The school is home to the award-winning MUSON Diploma Choir, directed by Sir Emeka Nwokedi, and the MUSON School Orchestra & Concert Bands. It has produced outstanding Jazz ensembles such as the all-female GIRLZ RULE Band, the 5YZ MEN and The Theodolites.

At MUSON, MTN Scholars take advanced training in music with majors in voice or any of the instrument forms of: Piano, Organ, Violin, Viola, Cello, Double Bass, Flute, Clarinet, Saxophone, Trumpet, Trombone, Percussion, and Classical Guitar. “Students are also required to take 2 terms of an instrument minor other than their major instrumental family. All voice students must pass grade 2 piano, instrumentalists must pass vocal techniques and all students must belong to the choir. Orchestra is required for all string majors. All wind and percussion majors must belong to band. Others who may not be majors are welcome to audition for the orchestra band”, the school says. They also participate in high-level musical productions, providing the perfect opportunity to exhibit their talents and skills. At the end of their programme, the music scholars can showcase the result of their advanced training through performances at the annual Donors Appreciation Concert. This speaks to the neat integration of sound and rhythm, of theatre and messaging, the total music.

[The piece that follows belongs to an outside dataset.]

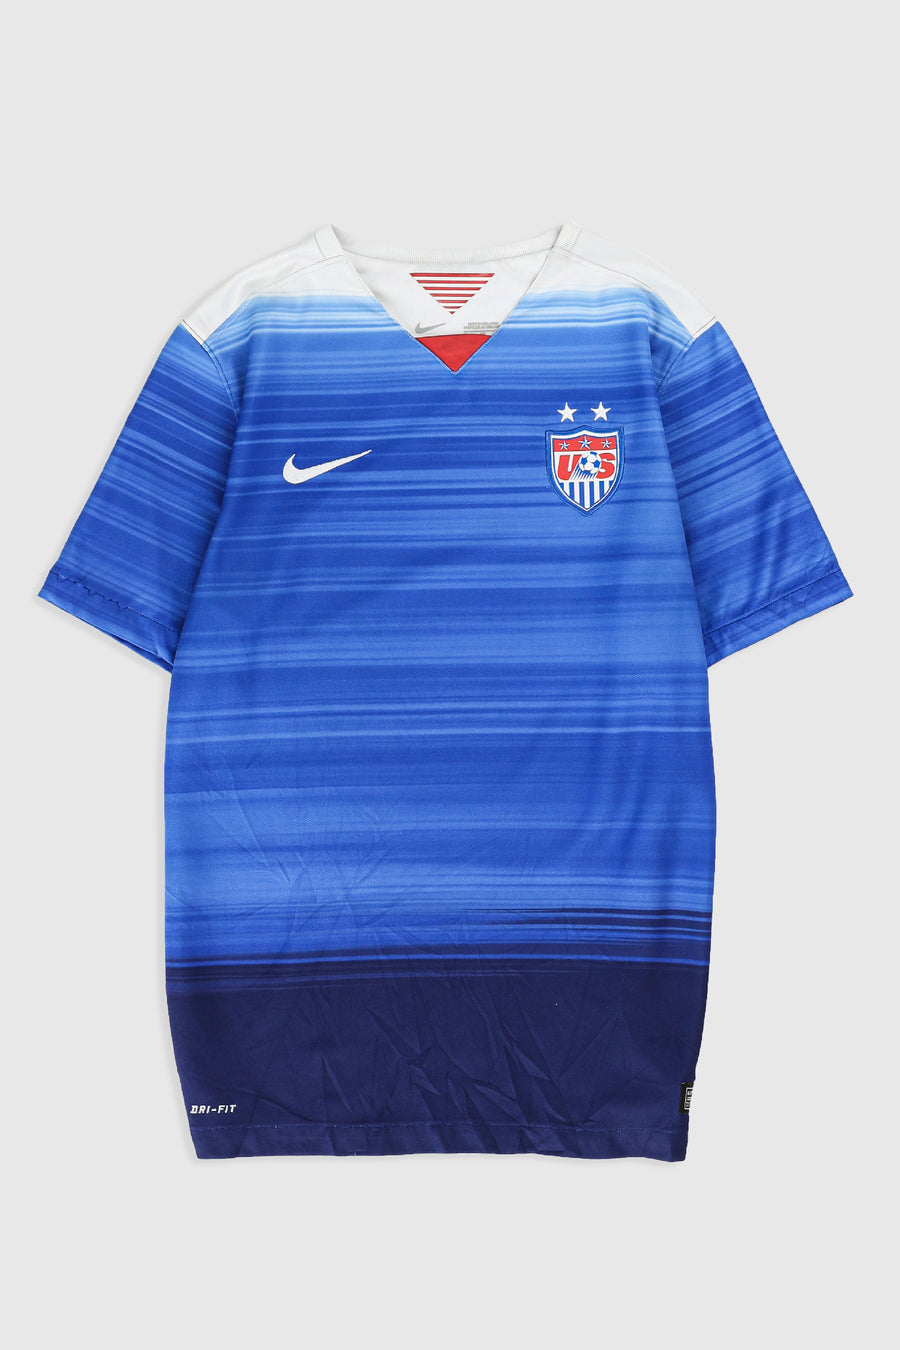 Team USA Soccer Jersey

MUSON has been at the heart of developing and preserving the purest form of music in Nigeria and helping to export same to the rest of Africa and the world. Created in 1989 by a group of friends, namely Mr. Louis Mbanefo (SAN), Mr. Akintola Williams (late), Chief Ayo Rosiji (late), Mrs. Francesca Emanuel (late) and Chief Rasheed Gbadamosi (late), the school was designed to promote, as Mr. Mbanefo, who is Chairman of the school, aptly captures, “the performance, understanding and enjoyment of serious music”. The dream, he notes, has continued to be realized, producing internationally reputed graduates and changing the dynamics of music in Nigeria and Africa. “The school has produced over 400 Diploma graduates, many of whom have continued their musical education in Europe, South Africa and America and attained international recognition. Most of our alumni have made and are making very impressive contributions to the musical life in Nigeria and indeed, the world. They have raised considerably the singing and musical performance standards in churches, schools and social events. Indeed, many churches and musical societies throughout Nigeria borrow from the templates established by MUSON”, he proudly reveals.

As the proud owner of Nigeria’s “only professional Symphony Orchestra” and a choir of international renown, the school boasts a rich platform for empowering young Nigerian artists and instrumentalists, especially in the dying art of classical and orchestral music performance.

Accredited by the Federal Government to award Diplomas in Music since 2002, the MUSON Diploma School grants all MTNF MUSON graduates diplomas equal to those awarded by the Associated Board of the Royal Schools of Music in the United Kingdom.

Suppose the MUSON Diploma School is to continue plotting the course for Nigeria’s music salvation and become the hope of total music’s triumph for all of Africa. In that case, it must display resilience, which its parent body— The Musical Society of Nigeria— chose as its Festival of Arts theme during the celebration of its 40th anniversary earlier this year. It must be resilient in the face of the onslaught of crass commercialism. It must be defiantly resilient if it must realize its goal of producing “well-rounded, thoroughly educated musicians…comparable to those found in a Conservatoire”.

And in its resilience, it must remember that the currents of humanity are lodged in the soul of this art, in its purest form.